Impairment was also recognised on various CGUs of the Dalkia group. In Poland for example, the recoverable value of Dalkia entities was significantly affected by lower income prospects than forecast in previous years, masking the impact of higher compliance investments. Impairment of €(55) million was therefore recognised in respect of these assets, including €(8) million on goodwill.
Impairment on other CGUs during 2019 resulted from specific situations, for example:
Impairment has also been recognised on other individual assets, for the combined total of €(27) million.
Due to the integrated management and interdependence of the different generation facilities that make up the French fleet (nuclear, thermal and hydropower plants), independently of their maximum technical capacities, the Group considers the entire fleet as a single CGU. This CGU does not include any goodwill.
Even when there is no indication of any loss of value, an impairment test is performed due to the highly significant value of this CGU in the Group’s financial statements and its substantial exposure to market prices since the “yellow” and “green” regulated tariffs were discontinued on 1 January 2016.
The recoverable value of the generation fleet is estimated by discounting future cash flows under the Group’s usual methodology, described in note 1.3.14, over the assets’ useful life, using an after-tax WACC of 5.1% at 31 December 2019. For nuclear assets currently in operation (except for Fessenheim), the Group’s benchmark model assumes that the useful life is extended to 50 years, in line with its industrial strategy. The nuclear capacity remains subject to a ceiling of 63.2GW in the test, consistent with France’s energy transition law.
The capacity revenue assumptions used in the test are higher than the previous year, in line with the system fundamentals analysis in the benchmark scenario. The average auction price achieved in 2019 was €19.5/KW.

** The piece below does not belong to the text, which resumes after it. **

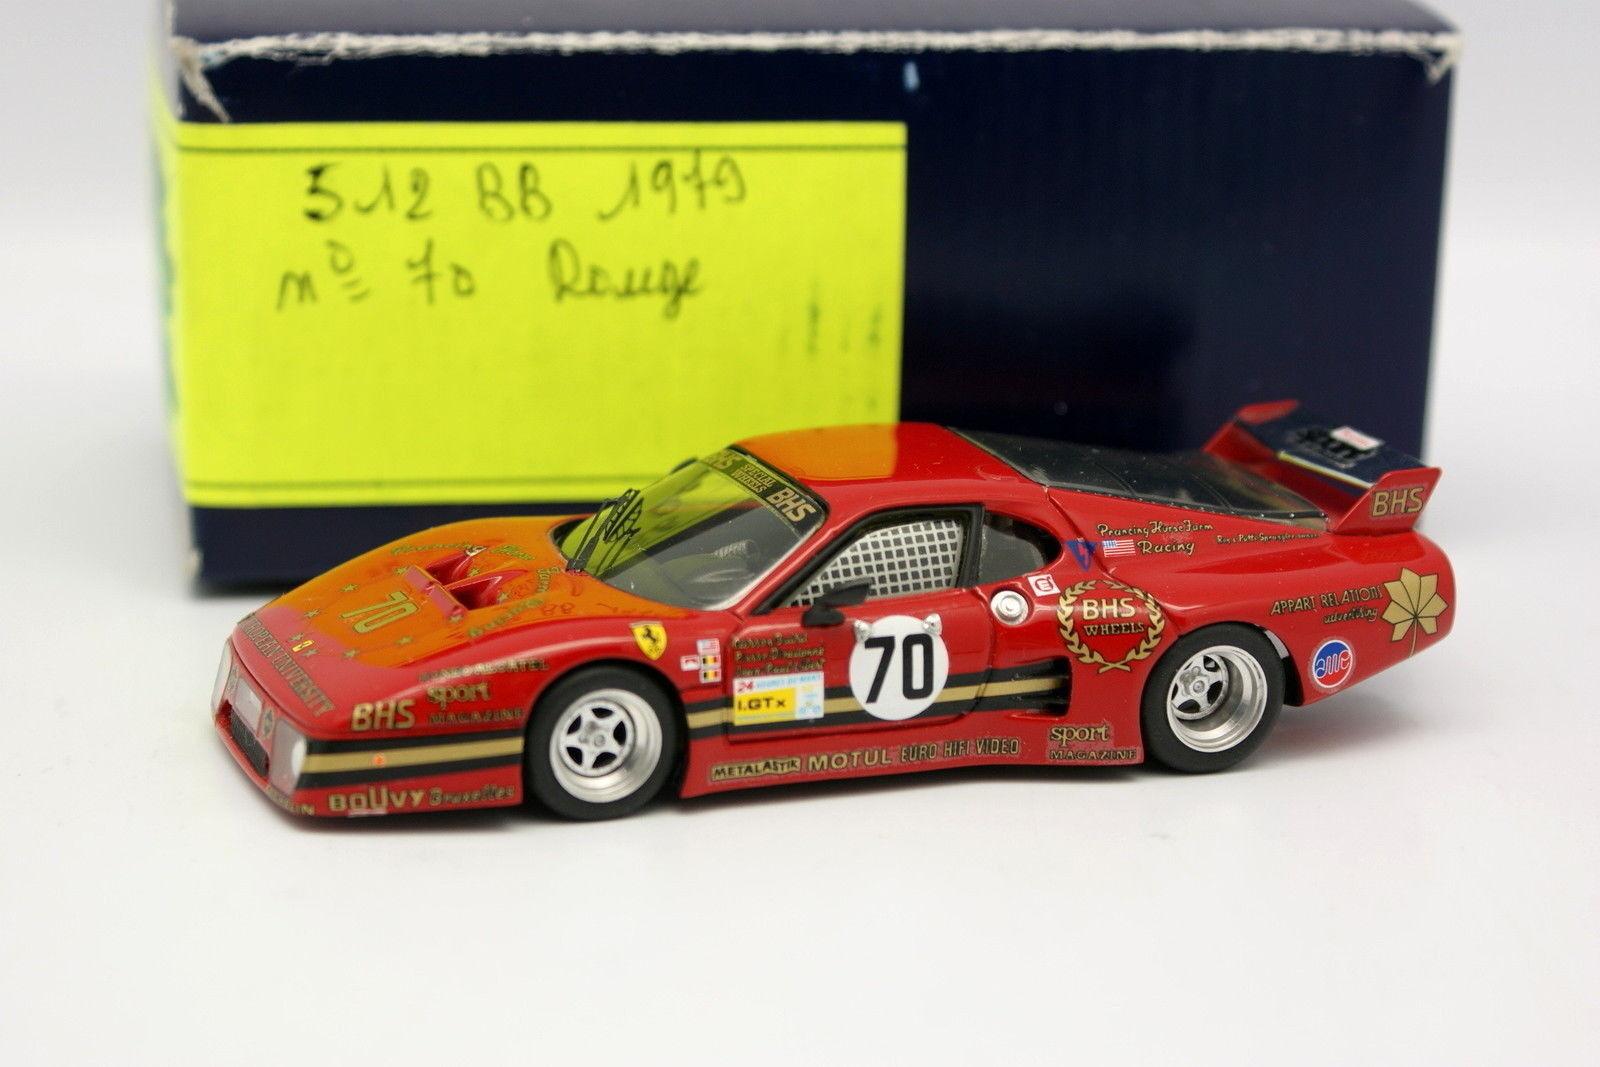 AMR Kit Montado 1 43 - Ferrari 512 BB BHS Le Mans 1979 Nº70

The impairment test takes into consideration the latest forecasts concerning Flamanville 3 (see note 3.1.1) which adjusted the schedule, setting the fuel loading date in late 2022, and revised the estimated cost of construction to €12.4 billion in 2015 euros, excluding borrowing costs, an increase of €1.5 billion from the previous estimate. The test takes into consideration the fact that most of these additional costs will be included in other operating income and expenses.
The test results indicated a significant positive difference between the recoverable value and the book value of the generation fleet in France. The margin resulting from the test is higher than at 31 December 2018, as the higher costs and deferred commissioning of Flamanville 3 were outweighed by favourable effects, essentially concerning the lower discount rate and the positive effect of cash outflows in 2019.

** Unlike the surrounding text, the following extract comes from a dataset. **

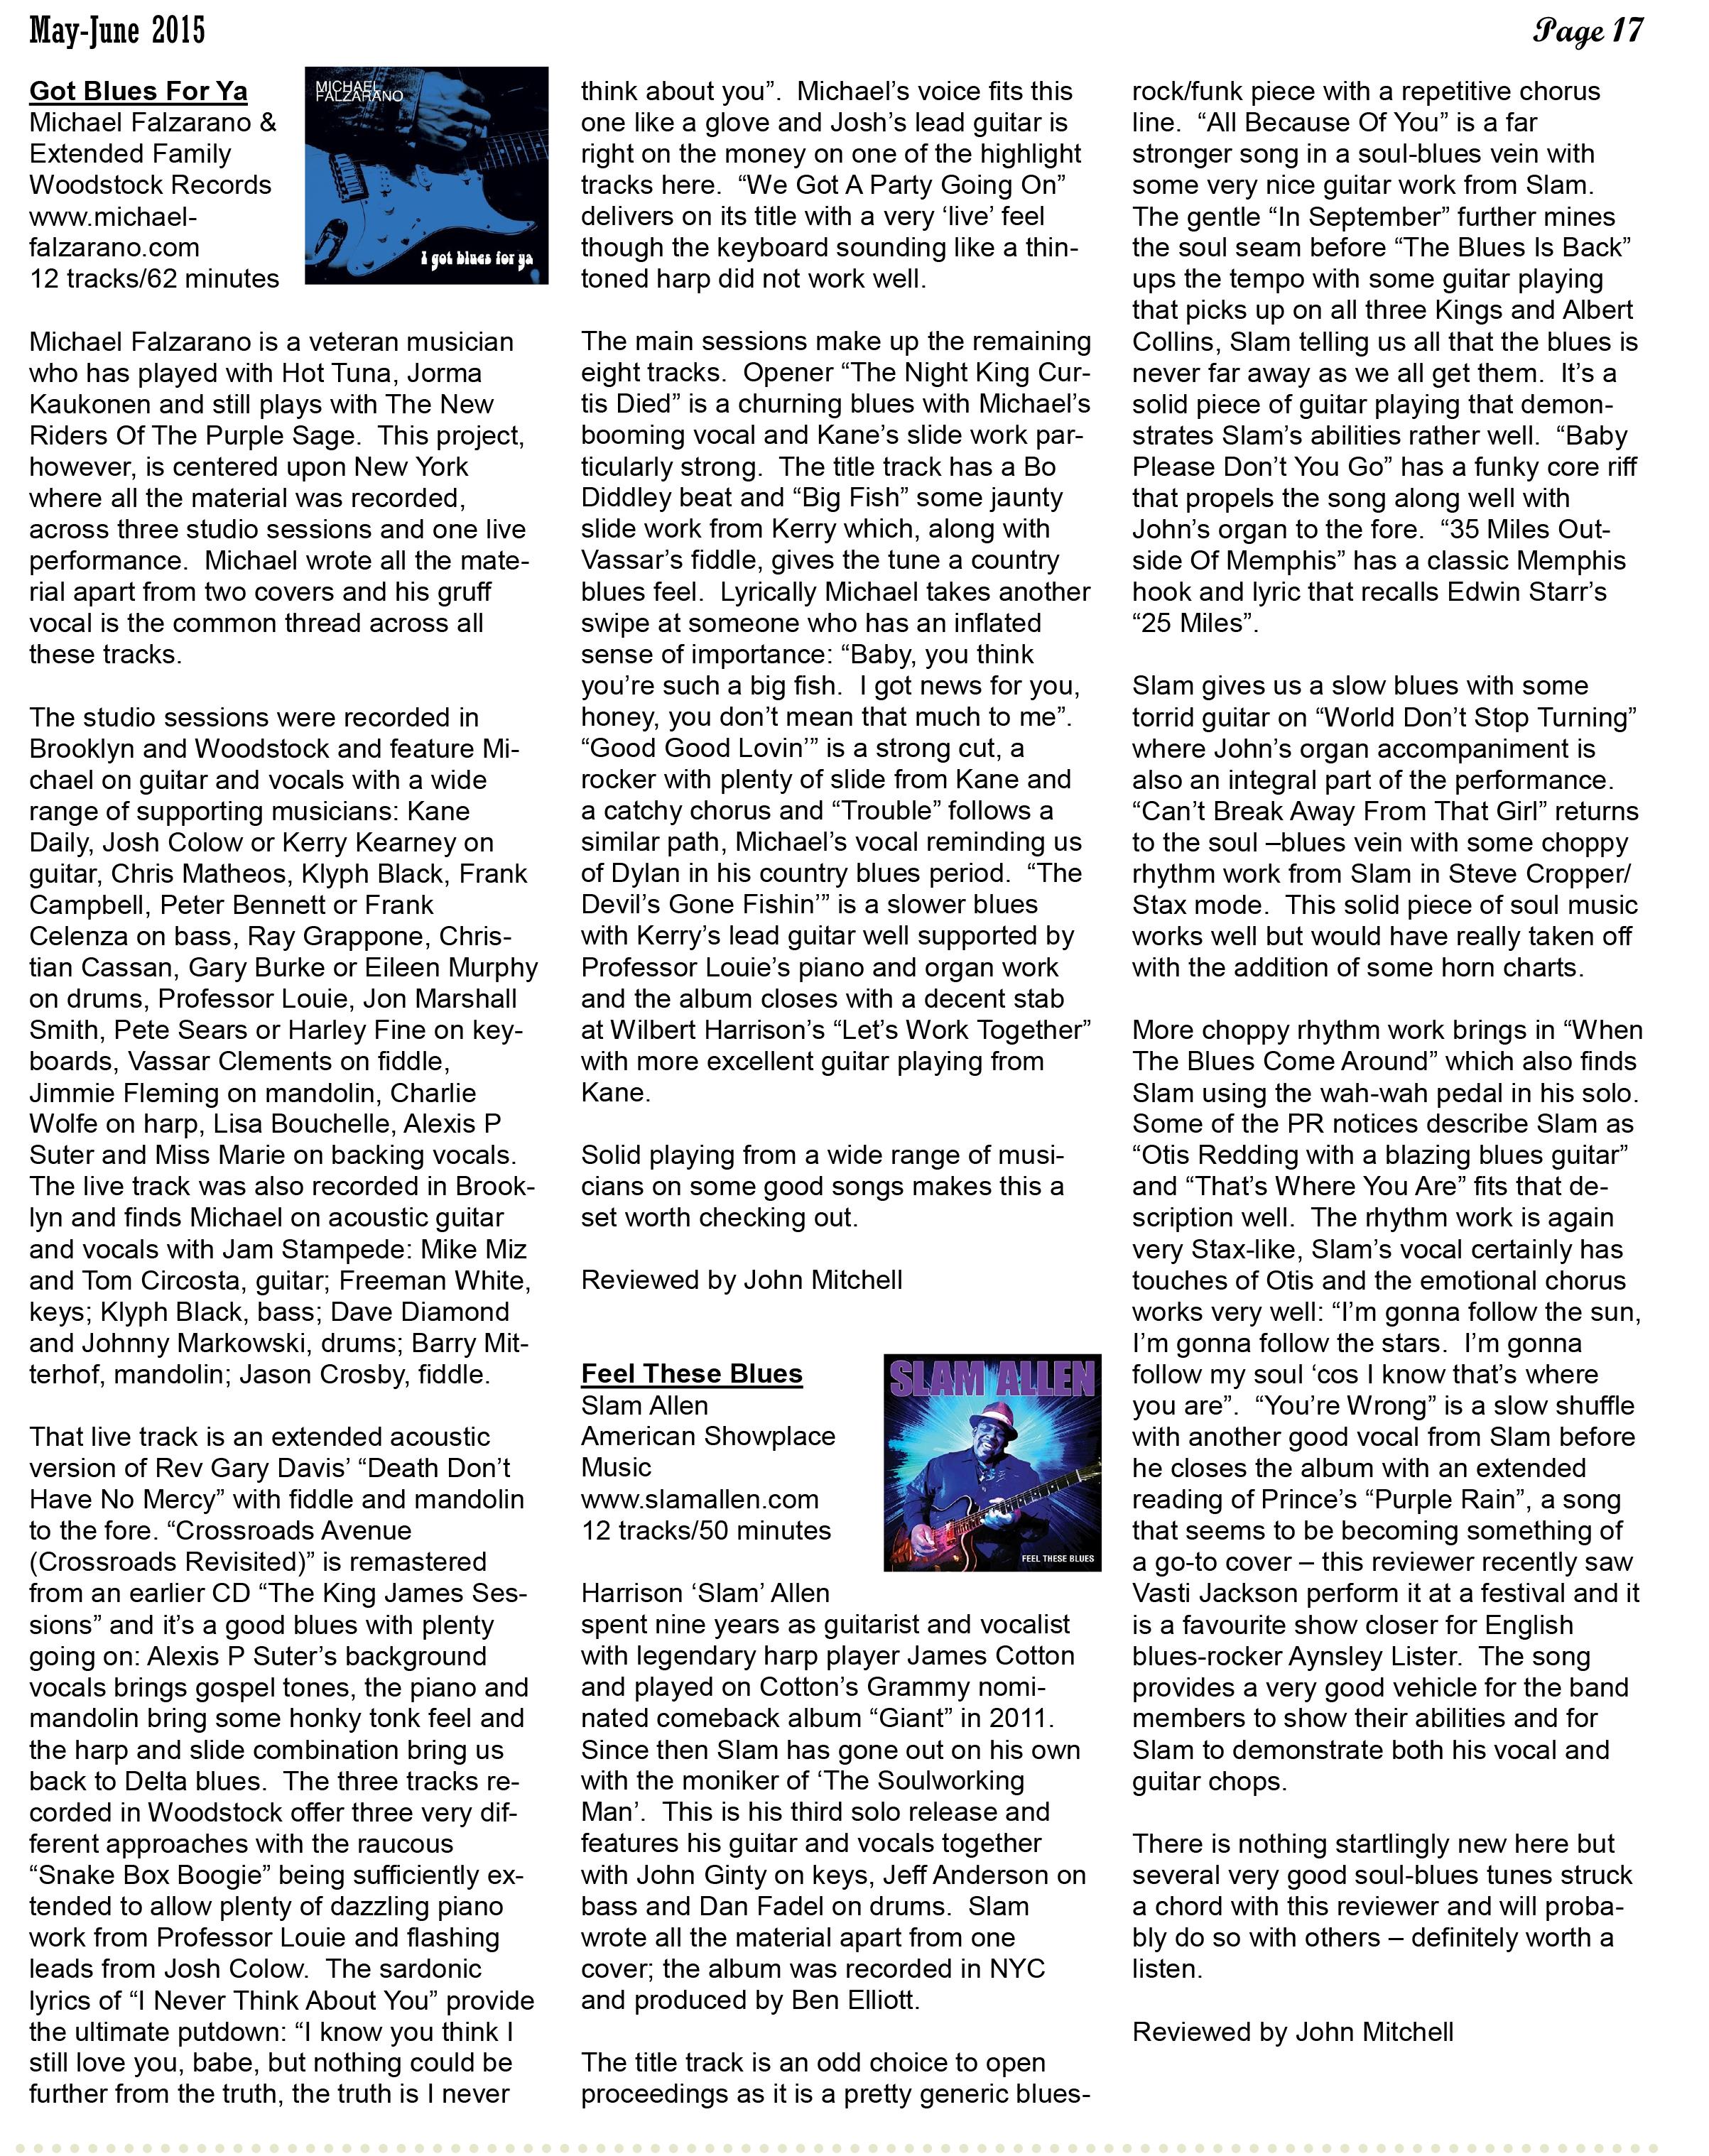 bluesgrooveMay-Jun 2015 Email  Version-17.jpg

The key assumptions used in the test include the useful life of nuclear assets, the long-term price scenario, the discount rate, developments in costs and investments, and the assumed capacity revenue. Each of these assumptions has been subjected to a sensitivity analysis, which does not call into question the existence of a positive difference between the recoverable value and book value. The test conducted at 31 December 2019 also takes into consideration the sensitivity associated with early closure proposals for certain nuclear units, as set out in the proposed multi-year energy programme. This did not affect the conclusions of the test.
The Group also booked €(24) million of impairment in respect of the decision to discontinue two projects, one hydropower project and one IT development project.
The impairment test applied to Luminus did not indicate any risk of impairment. However, the margin resulting from the test is adversely affected by the Tihange 2 and 3 and Doel 3 and 4 nuclear assets, in which Luminus owns a 10.2% share.
Finally, impairment of €(73) million was booked in respect of associates at 31 December 2019. Details are given in note 26.
Other income and expenses amount to €(185) million for 2019. They include the €(30) million cost of the ERO 2019 employee shareholding offer undertaken during the first half of 2019 (see below), restructuring expenses in certain Group entities, and other items which are operating income and expenses by nature but of non-significant amounts individually.
Other income and expenses amounted to €(105) million for 2018, mainly including a gain of €755 million on the sale of Dunkerque LNG and an allocation of €(737) million to provisions for onerous contracts associated with the long-term contract with Dunkerque LNG, giving a net impact of €18 million. Other income and expenses also included €(36) million of exceptional solidarity bonuses in France, and €(15) million resulting from the adjustment of EDF Energy’s guaranteed minimum pension scheme.
The Employee Reserved Offer (ERO) followed a decision by the Board of Directors of EDF on 4 April 2019 concerning the principle of an employee shareholding operation. This was carried out by the sale of 7,704,974 existing shares by the State to EDF which immediately sold them to eligible employees, former employees and retired employees. This operation does not constitute a capital increase for the Group.
The sale price for these shares was fixed on 20 June 2019. It included a discount of 20% on the reference price based on the volume-weighted average price of EDF shares traded on Euronext Paris for the twenty trading days preceding the day when the price was set.
The shares were delivered on 16 July 2019.